Failure to Monitor Behavioral Health After Psychotropic Medication Discontinuation
Penalty
Summary
The facility failed to adequately monitor and provide ongoing assessment of a resident's behavioral health needs following the discontinuation of Seroquel, an antipsychotic medication. The resident, who had diagnoses including dementia, psychosis, and hemiplegia/hemiparesis after a cerebral infarction, was admitted with significant cognitive impairment and required extensive assistance with daily activities.

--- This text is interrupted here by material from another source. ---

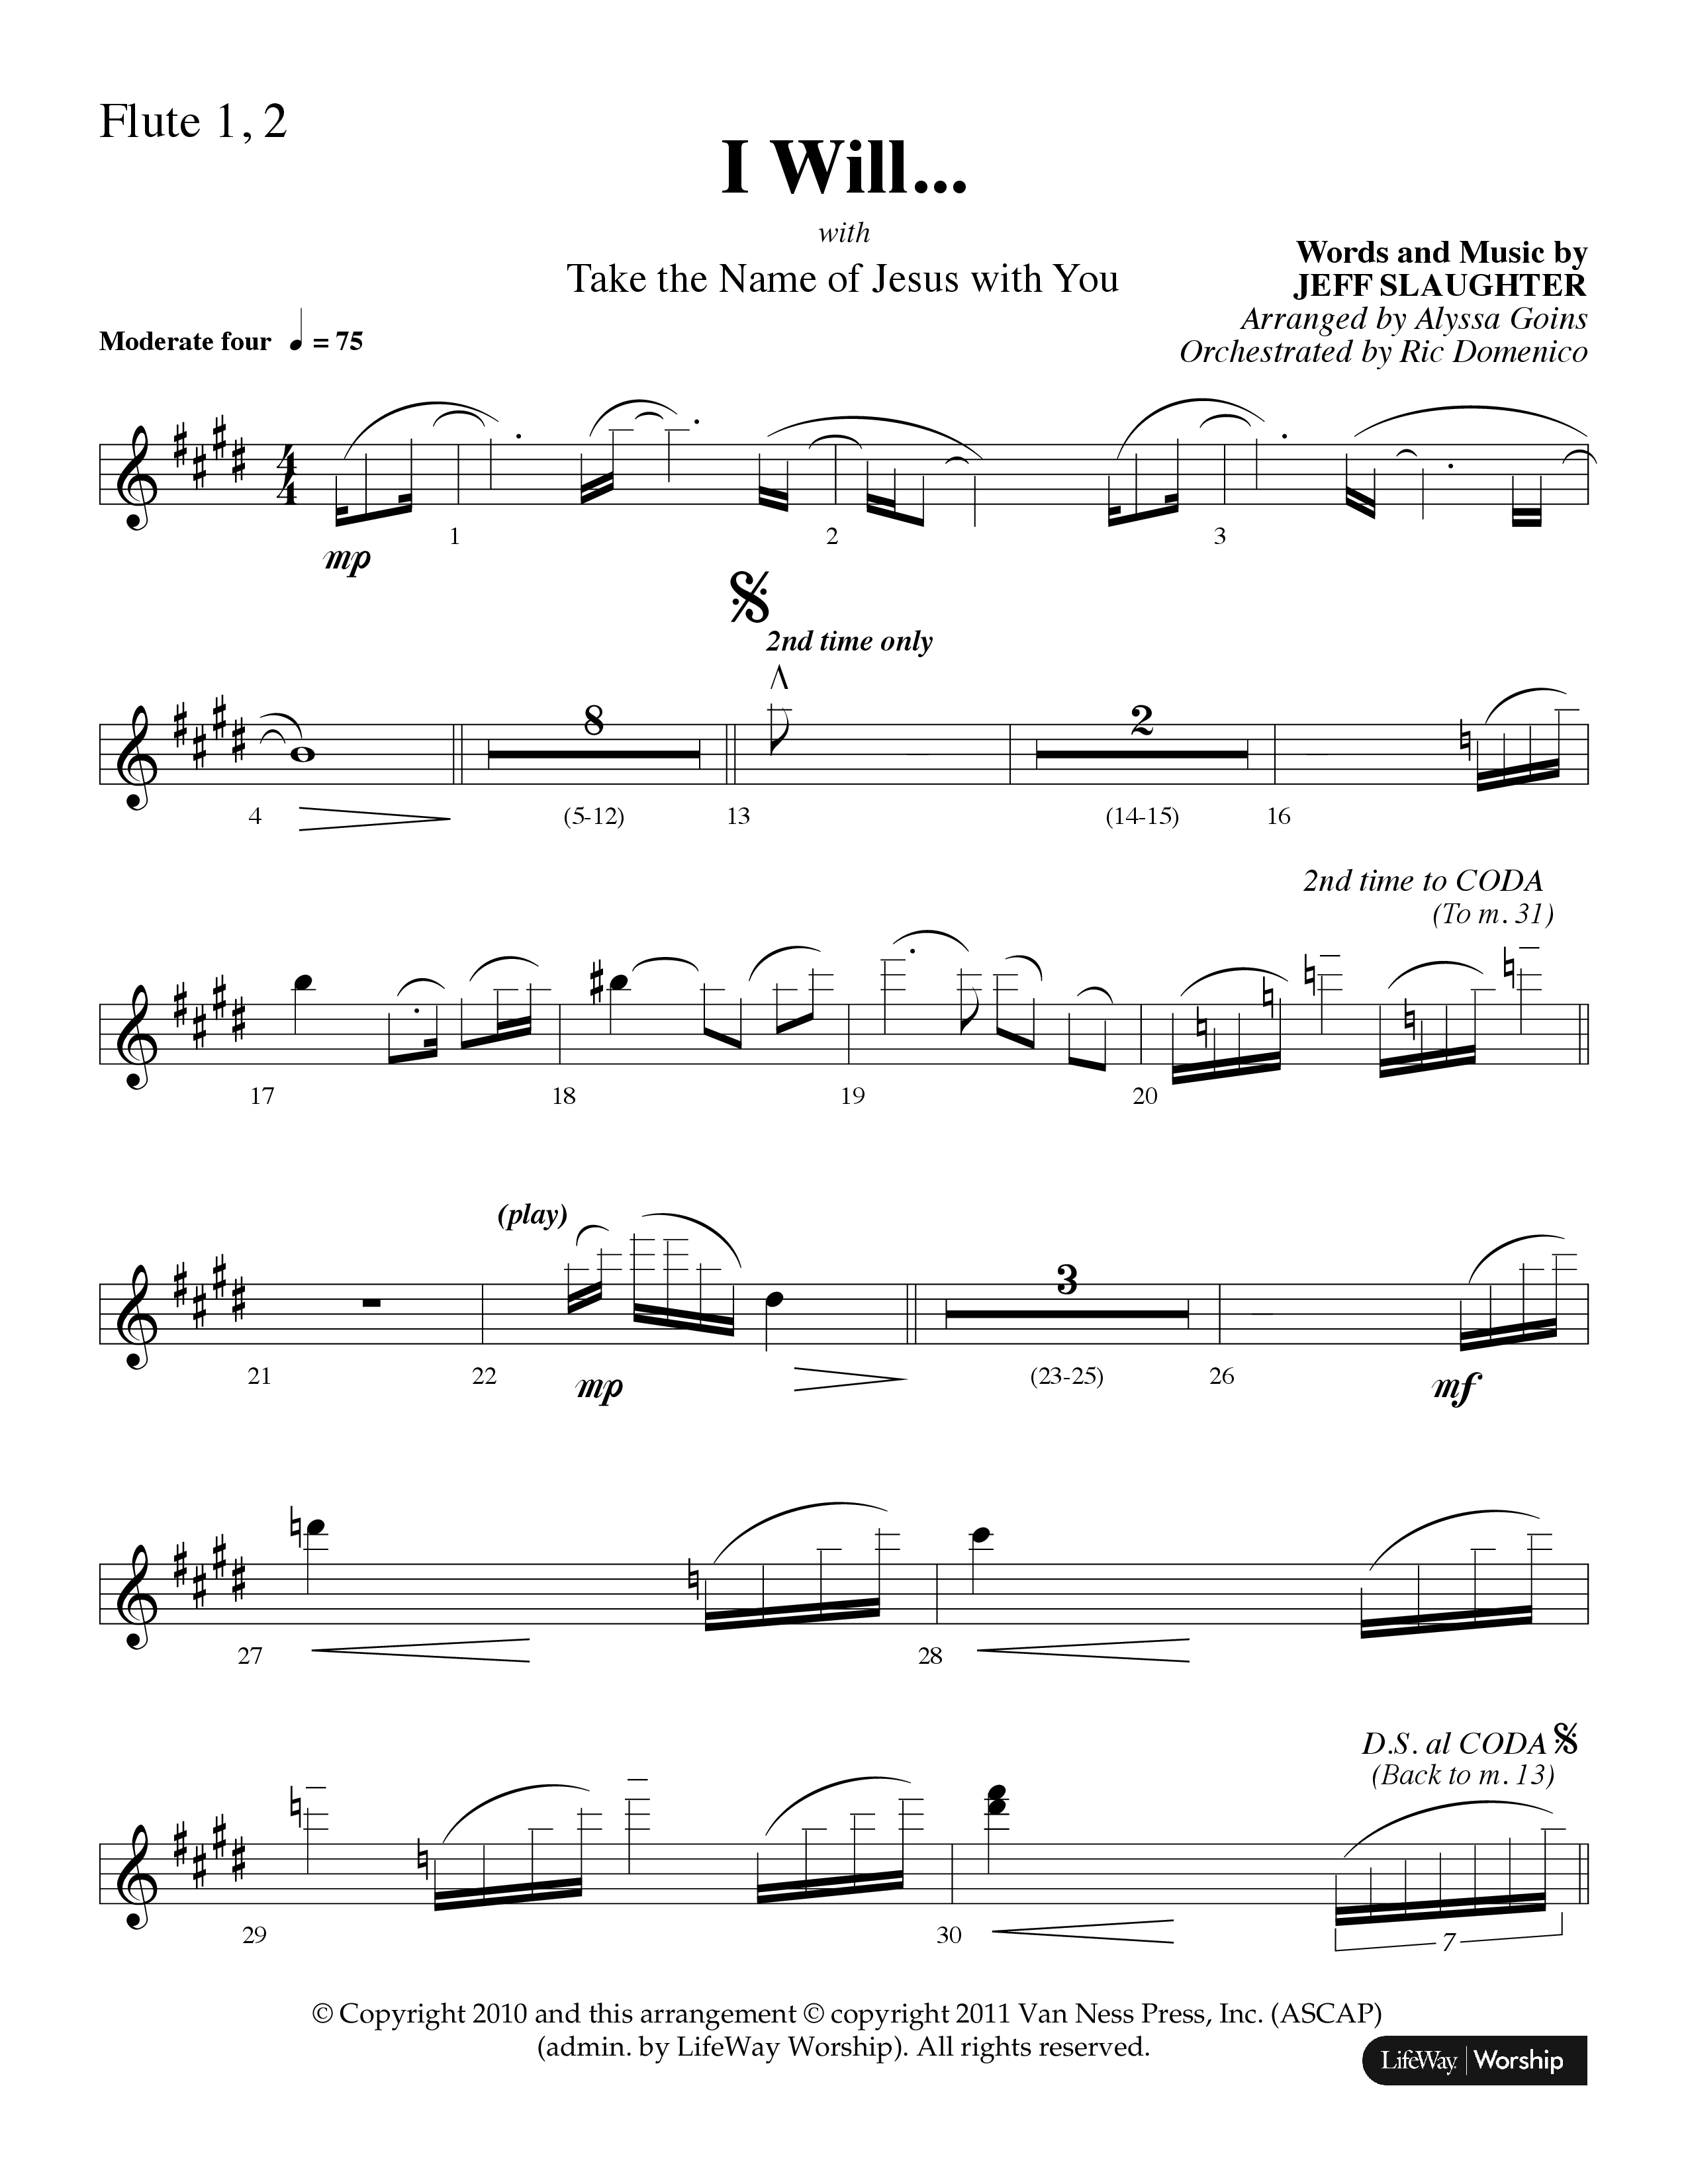 I Will (with Take The Name Of Jesus With You) (Choral Anthem SATB) Flute 1/2 (Lifeway Choral / Arr. Alyssa Goins / Orch. Ric Domenico)

After the physician discontinued Seroquel, the resident experienced multiple episodes of yelling, as documented in the Medication Administration Record over several days. However, the required weekly progress notes by licensed nurses were missing for two consecutive weeks during this period, and there was no evidence of consistent monitoring or documentation of the resident's emotional or psychosocial status after the medication change. Interviews with facility staff, including the MDS Coordinator, DON, and an LVN, confirmed that staff were aware of the need to monitor behavioral changes after discontinuing psychotropic medications and to notify the physician if behavioral issues increased. Despite this, the documentation was incomplete, and the facility's own policy required weekly progress notes to reflect the effectiveness of psychotropic medication changes and any side effects or interventions. The lack of ongoing assessment and documentation had the potential to negatively affect the resident's psychosocial well-being.